An Ant Orgy in My Pool?
Excerpt from Valley 101: The Great Big Book of Life, a collection of Clay Thompson’s columns for The Arizona Republic. (Originally published July 28, 2001.)
Q: Recently I noticed some black puffballs or seedpods floating in the swimming pool. I tossed one on to the edge of the pool and looked at it closely, and it started moving. It was a bunch of ants hanging on to each other. When they had dispersed, there was absolutely nothing left. What was going on?
A: I guess your pleasure in having an answer depends on how you feel about other species reproducing in your swimming pool. The ants were having a bit of the old slap and tickle, so to speak.
They probably were carpenter or harvester ants, although it is hard to tell without seeing them firsthand, even for such an expert as the estimable entomologist Carl Olson of the University of Arizona.
Olson is the co-author of Insects of the Southwest, which is one of my favorite books, especially if I can’t get to sleep.
I do not mean to be snarky here. It is a well-written and useful book. It is interesting enough to hold the layperson’s attention but not such a page-turner that it keeps you awake for more than a chapter or so. Plus the softcover edition won’t rap the bridge of your nose if the book pitches forward on your face after you fall asleep. I recommend it highly.

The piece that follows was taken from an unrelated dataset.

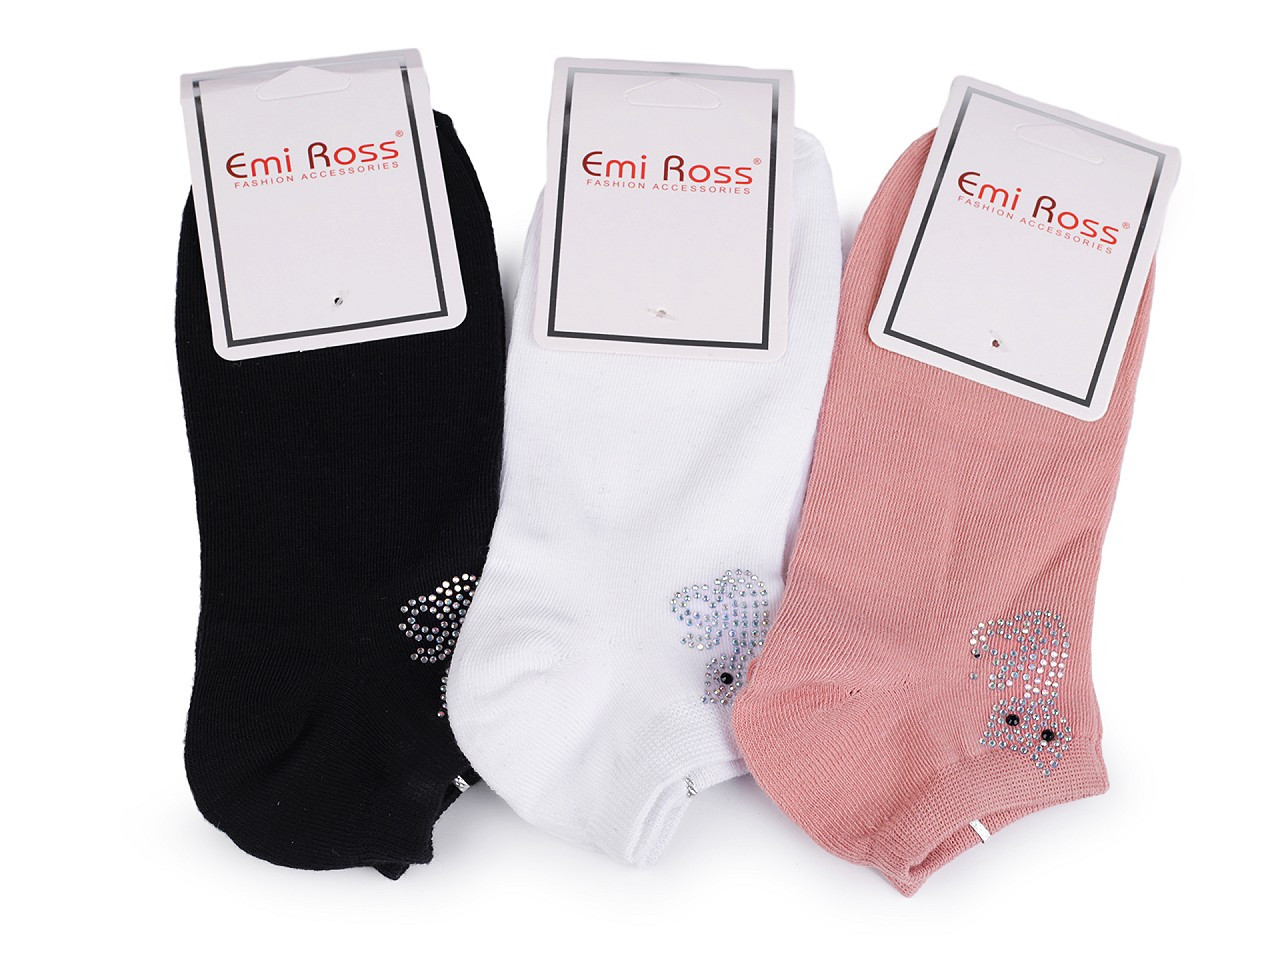 Dámské bavlněné ponožky kotníkové s kamínky Emi Ross, barva 8 (vel. 39-42) mix

Anyway, I consulted with Olson on your question, and he said this is the time of year when a young ant’s fancy turns to procreation.
“We’re in the throes of the mating season. Sex is on the wing, if you will,” said he. “All sorts of ants are leaving the nest and flying away in clusters. What she saw was a big glob of ants, a mass of ant humanity, I suppose you could say.”
This is the deal: If you knew how to tell the boy ants from the girl ants and if you had pried that glob of ants apart one by one, you probably would have found at the center one female ant, no doubt somewhat bedraggled, surrounded by a bunch of sex-crazed male ants, all vying for her attention, assuming ants have attention. It was, in Olson’s words, “an ant orgy.”